過去編5






あたしが死んで、俺が生まれた日。
あたしは全てを失って、俺は全てを得る事を拒んだ。
認めたくなくて、信じたくなくて、どうして良いのかなんて分からなくて、ただ、呆然と。


小さい頃から、人と関わるたびに傷ついて、泣いていたあたしに、お前は愚直なのだと、姉が言う。
中学生の時、あの子があたしにだけ本当の事を言ってくれなかったのも、
高校生の時、あの子があたしとの約束を破って終には裏切ってしまったのも、
全てお前が悪いのだと、姉は言う。

高校生の時に相談を持ちかけた担任は、お前が大人になれば良いのだと簡単に言ってのける。

時々、過去を思い出して、無性に泣きたくなる日がある。
中学生の時、もっとあの子と話をすればよかったの?
高校生の時、あたしは約束を破られても、裏切られても怒っちゃいけなかったの?

今更、だなんて分かってる。
でも、無性に悲しい。
どうしようも出来ない感情がグルグルと渦巻いた。

18歳の春。
あたしは、一つの結論を出した。
人と関わって、裏切られて、傷つくくらいなら、初めから誰とも付き合わなければいい、と。

あたしと同じ高校から大学へ、行く子は居ないから、好都合。
癖毛の髪に縮毛強制を当てて、慣れない化粧の練習をして、今までのあたしとは違うあたしを作り上げた。
入学してすぐに、壁を作り上げて、誰にも関わらないようにした。
最初こそ、楽しそうに談笑してる女の子達が羨ましいと思ったが、慣れれば、何も思わなくなった。
大丈夫あたしは一人で生きていけるのだと、自惚れていた。
同じ学科の女の子達に話し掛けられるたびに、心で、謝って距離を取る。
男の子達から陰口を言われる事もあった。
滅多に喋らないのが気持ち悪いのだと、嘲笑われた。
それでも、そんなのは全然苦にならなかった、のだと思い込んでいた。
一日一日、増えていく心の痛みに、あたしは只、気付かない振り。

ある日、突然上手く笑えなくなった。
笑いたいのに、楽しいのに、顔が引きつって表情筋が上手く動かなくなった。

次は、突然喋れなくなった。
何かを言おうとするのに、その何かが、頭の中に浮かんでこなくて、声が出せなくなった。

話し掛けられるたびに、笑おうと、喋ろうとするのに、
笑おうとすればするほど、表情筋は固まるし、
喋ろうとすればするほど、口が上手く動いてくれなくなった。

嗚呼、そうか、楽な方へ逃げようとした、あたしへの罰なのか、と小さく嘲笑う。
人と付き合わなくったって、傷つく事には変わらないのに、あたしは只、眼をそむけて逃げただけ。

涙が、止まらなくなった。
こんな自分を変えたいのに、どうすれば良いのか分からなくて、逃げる事しか考えられない自分が酷く醜く見えた。
あたしを傷付けたあの子達の事も酷く憎いと思った。
死んじゃえば良いのに。
苦しんで苦しんで、あたしの記憶と共に居なくなってしまえば良いのに。
違う、そんなんじゃ何も変わらない、の。

「もう、いやだ、消えてしまいたい。
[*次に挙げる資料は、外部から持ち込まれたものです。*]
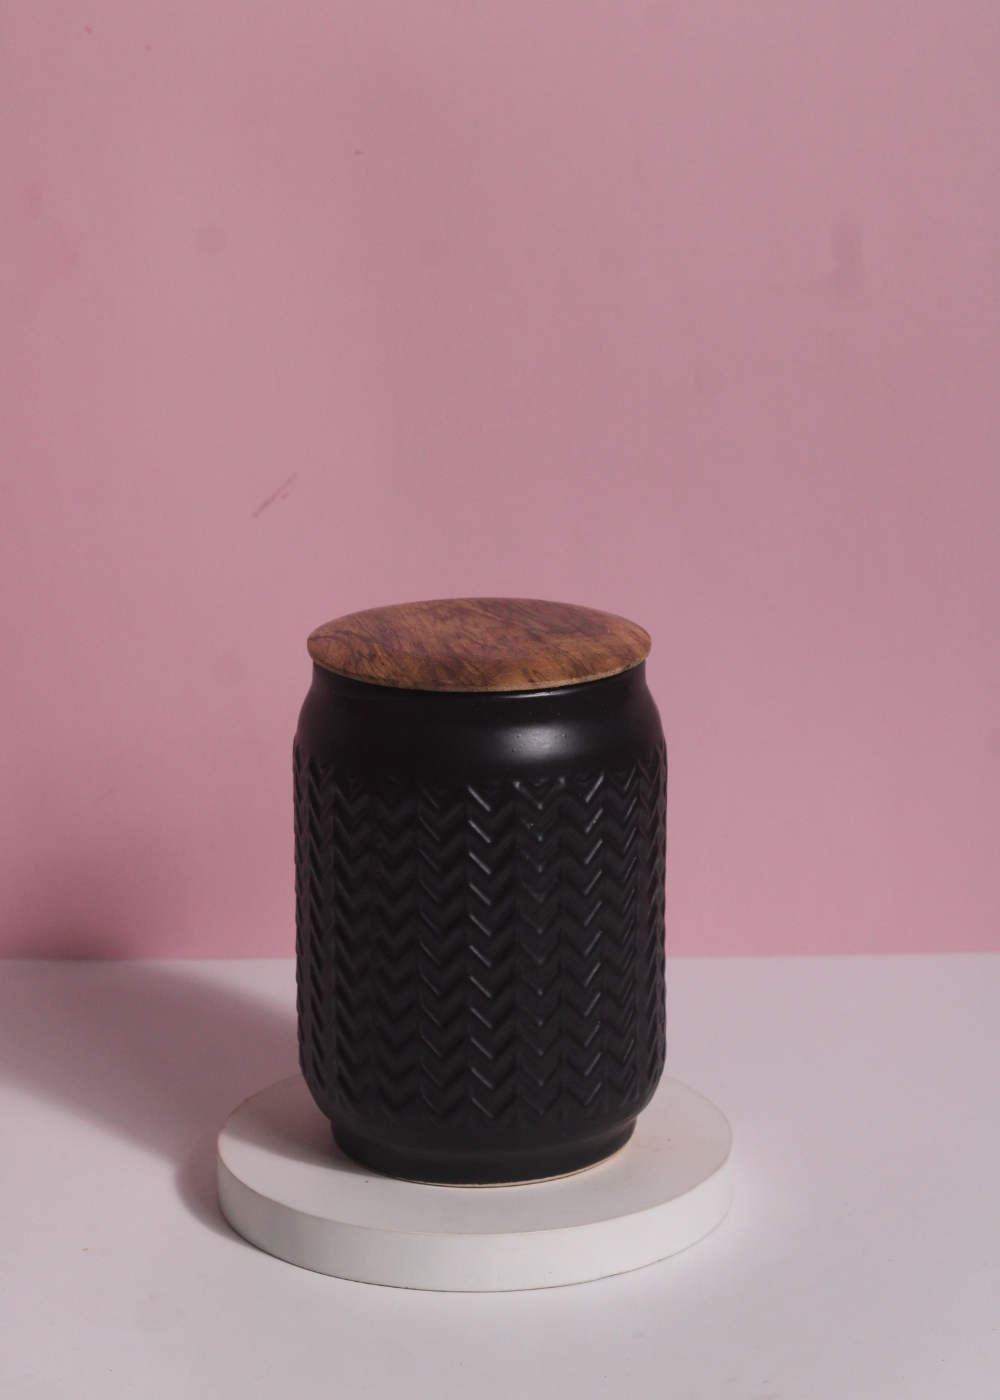 Black storage jar on white surface

この世界から。どこか違うところへ行きたい。違う環境だったら、何かが変わるかもしれない。」

グルグルと巡る感情は、ただ、あたしの心を締め付けて。
いつまでも過去から逃れられないのかと、自嘲した。



気が付けば、あたしは、暗い森の中で一人佇んでいた。
自分の覚えている限りでは、自室で携帯を握り締めながらウトウトしていたはずなのに、急に変わった景色に驚きを隠せない。
どこか遠くでなく野犬の声や、頭上を飛び回るカラスの声は、あたしの恐怖心を煽るにはもってこいで、かたかたと振るえる。


「どうして・・・。」


呟く声に返って来る言葉なんてなくて、ただ、恐怖に脅えながらも、森を進むしかなかった。

これは罰なのだと、誰かが嘲笑った気がした。